This is an automated email from the ASF dual-hosted git repository.
gavinchou pushed a commit to branch branch-3.0
in repository https://gitbox.apache.org/repos/asf/doris.git
The following commit(s) were added to refs/heads/branch-3.0 by this push:
new 098b66ee8cc [cherry-pick][enhancement](cloud) support BE http action:
list_cache and clear (#41037) (#43412)
098b66ee8cc is described below
commit 098b66ee8cc1be6c1d1c4530ea2bcfcbc64dfbfc
Author: yagagagaga <[email protected]>
AuthorDate: Thu Nov 14 16:23:23 2024 +0800
[cherry-pick][enhancement](cloud) support BE http action: list_cache and
clear (#41037) (#43412)
## Proposed changes
Add a http action which is useful when you debug.
### API
```http
GET /api/file_cache
```
### request parameter
#### request parameter1
|param|type|desc|require|
|:---|:---|:---|:---|
|op|string|the value must be `list_cache`, other value you can refer to
#40831 #37484 |yes|
|value|string|the segment file name |yes|
#### request parameter2
|param|type|desc|require|
|:---|:---|:---|:---|
|op|string|the value must be `clear`, other value you can refer to
#40831 #37484 |yes|
|value|string|the segment file name |yes|
|sync|bool|clean local cache in sync |no|
### response
#### response1
if success
|param|type|desc|
|:---|:---|:---|
||array|return the segment file cache in local path|
if fail
|param|type|desc|
|:---|:---|:---|
||array|empty array|
#### response2
if success
|param|type|desc|
|:---|:---|:---|
|status|string||
|msg|string||
### example
#### case 1
```bash
curl
'172.100.0.4:8040/api/file_cache?op=list_cache&value=0200000000000001bf42c14374fff491ffb7c89a1a65c5bb_0.dat'
```
return
```json
["/opt/doris/be/file_cache/c6a/c6a599f453f67f0949f80ad9990fa3dd/0"]
```
#### case 2
```bash
curl
'127.0.0.1:8040/api/file_cache?op=clear&sync=true&value=0200000000000001284b68fea3dcfe8a83e65cd88426b081_0.dat'
```
return
```json
{
"status": "OK",
"msg": "OK"
}
```
(cherry picked from commit 99d07480d3ae685f57b6cf61866343863b481489)
---
be/src/http/action/file_cache_action.cpp | 33 +++++-
be/src/io/cache/block_file_cache_factory.cpp | 17 +++
be/src/io/cache/block_file_cache_factory.h | 2 +
be/src/io/cache/file_block.cpp | 4 +
be/src/io/cache/file_block.h | 2 +
be/src/io/cache/file_cache_storage.h | 2 +
be/src/io/cache/fs_file_cache_storage.cpp | 5 +
be/src/io/cache/fs_file_cache_storage.h | 1 +
be/src/io/cache/mem_file_cache_storage.cpp | 4 +
be/src/io/cache/mem_file_cache_storage.h | 1 +
.../cache/http/test_list_cache_file.groovy | 117 +++++++++++++++++++++
11 files changed, 187 insertions(+), 1 deletion(-)

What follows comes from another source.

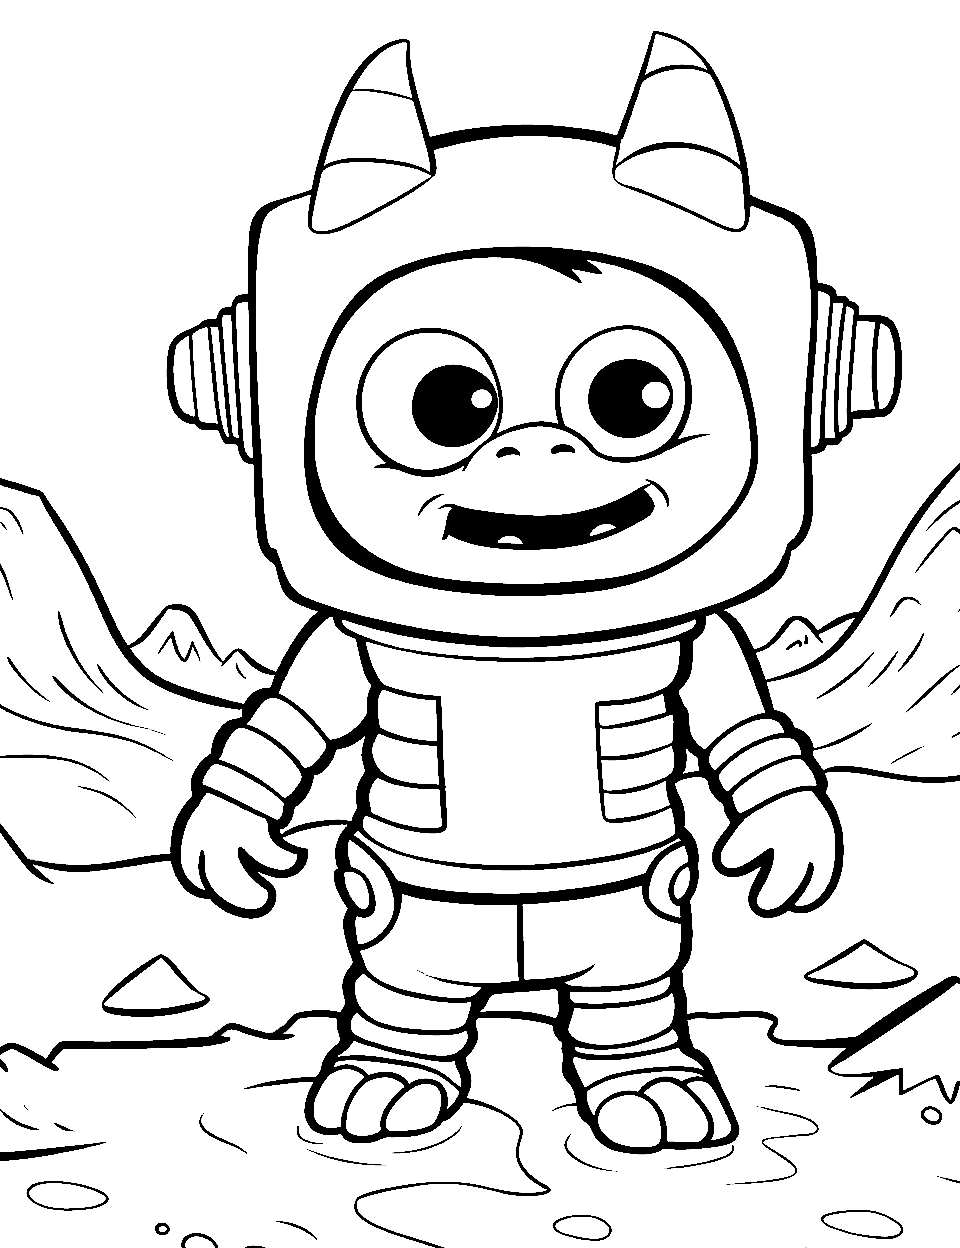 Monster in a Spacesuit Exploring Mars Coloring Page - A monster astronaut exploring the surface of Mars.
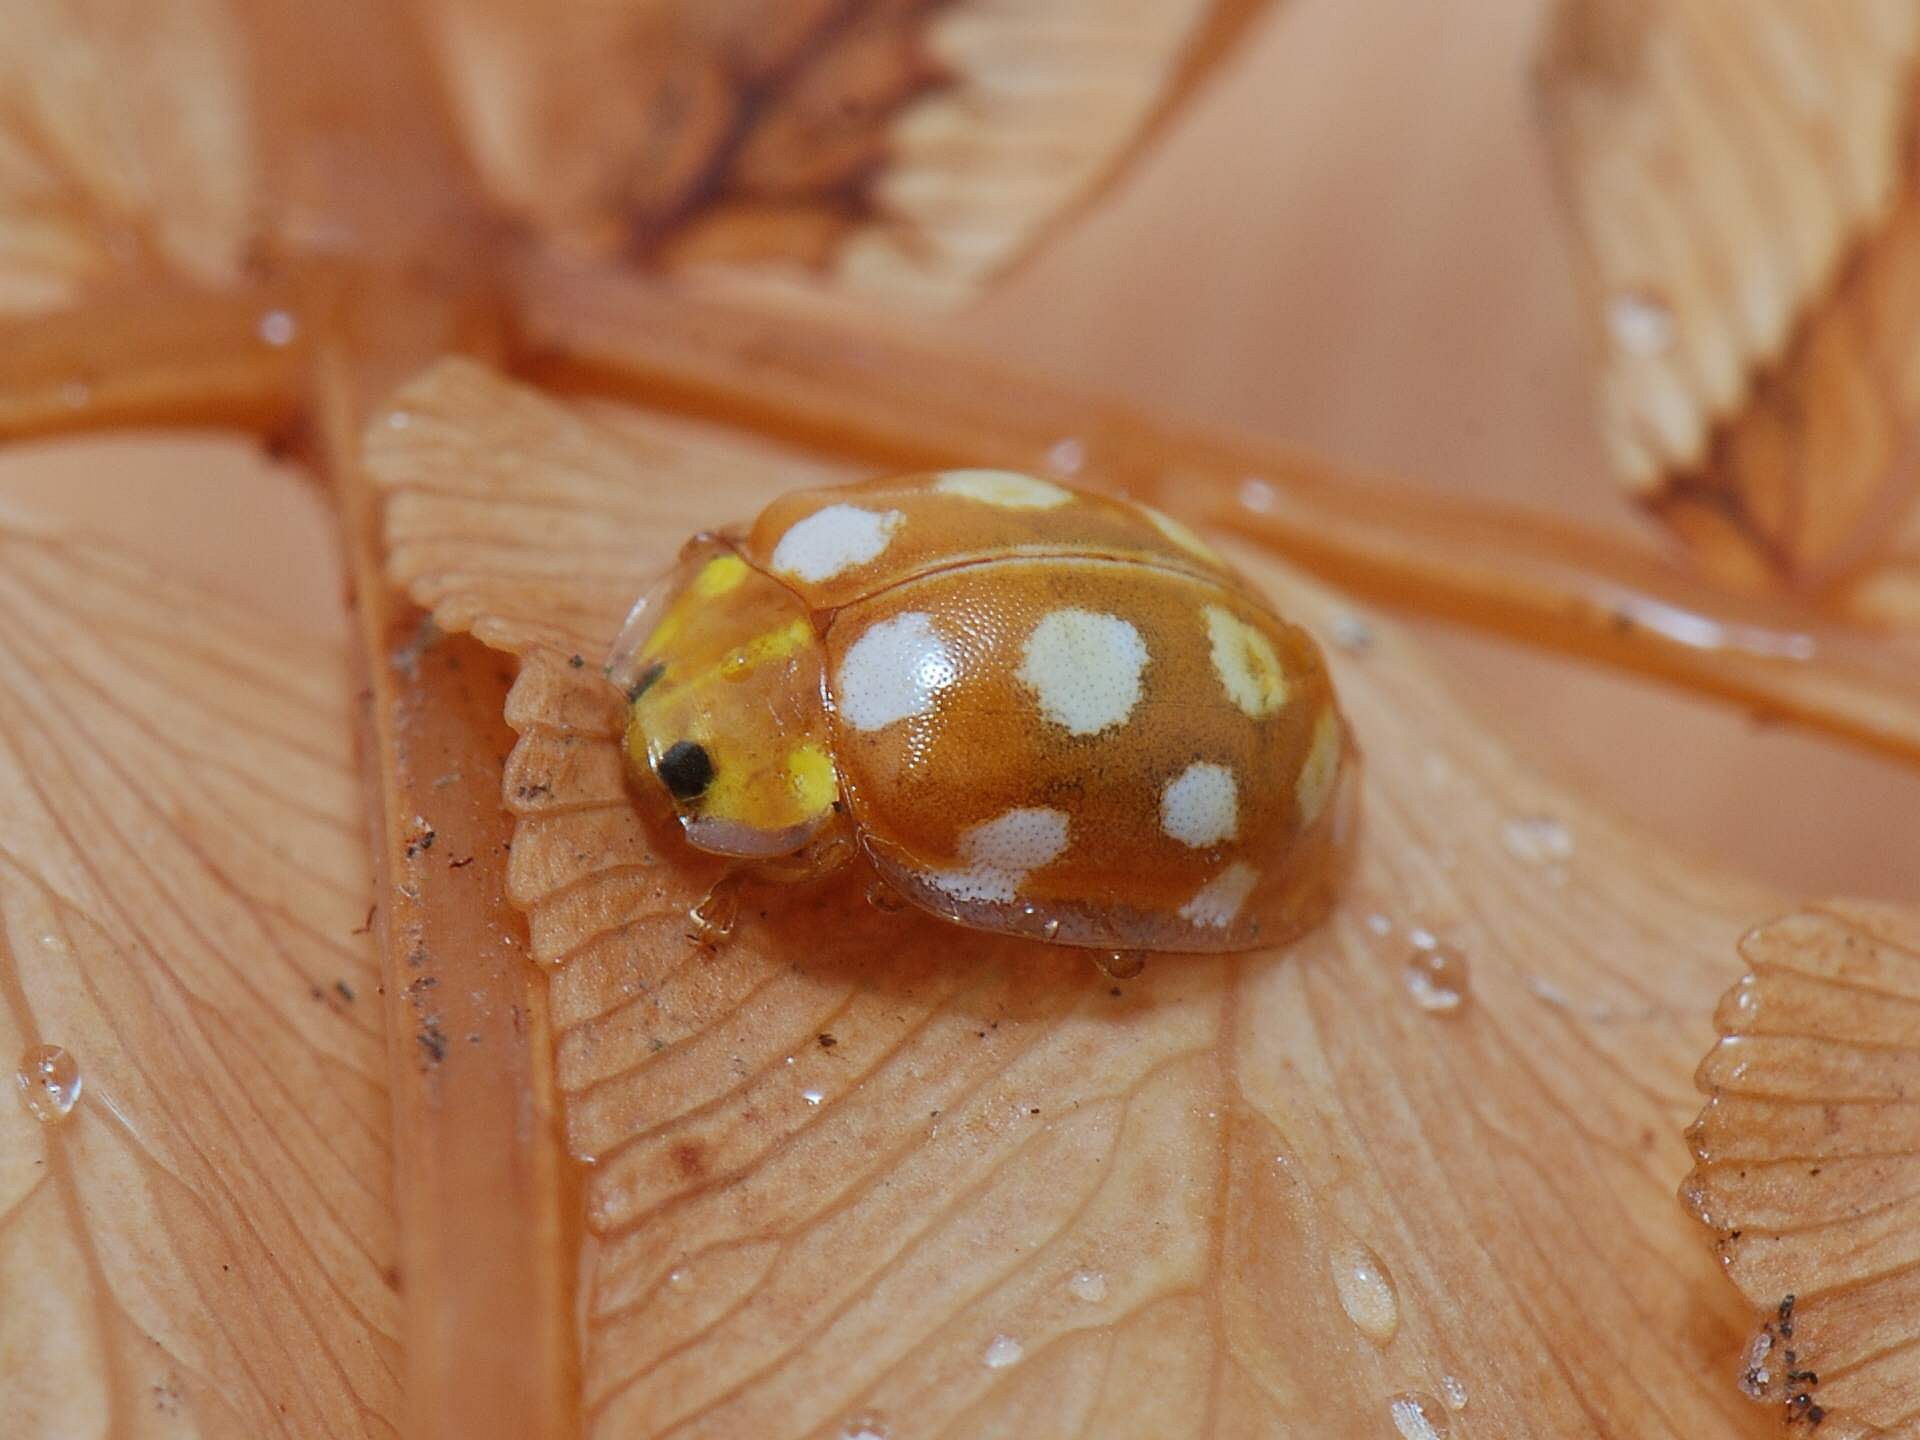 Orange Ladybird The Orange Ladybird, Halyzia sedecimguttata, used to be considered as an indicator of ancient woodland but has become widespread during the last 20 years as it is now commonly associated with sycamore trees.

diff --git a/be/src/http/action/file_cache_action.cpp
b/be/src/http/action/file_cache_action.cpp
index f31c040c5cf..740bac46edf 100644
--- a/be/src/http/action/file_cache_action.cpp
+++ b/be/src/http/action/file_cache_action.cpp
@@ -17,10 +17,15 @@
#include "file_cache_action.h"
+#include <glog/logging.h>
+
+#include <algorithm>
#include <memory>
#include <shared_mutex>
#include <sstream>
#include <string>
+#include <string_view>
+#include <vector>
#include "common/status.h"
#include "http/http_channel.h"
@@ -30,6 +35,7 @@
#include "io/cache/block_file_cache.h"
#include "io/cache/block_file_cache_factory.h"
#include "io/cache/file_cache_common.h"
+#include "io/cache/fs_file_cache_storage.h"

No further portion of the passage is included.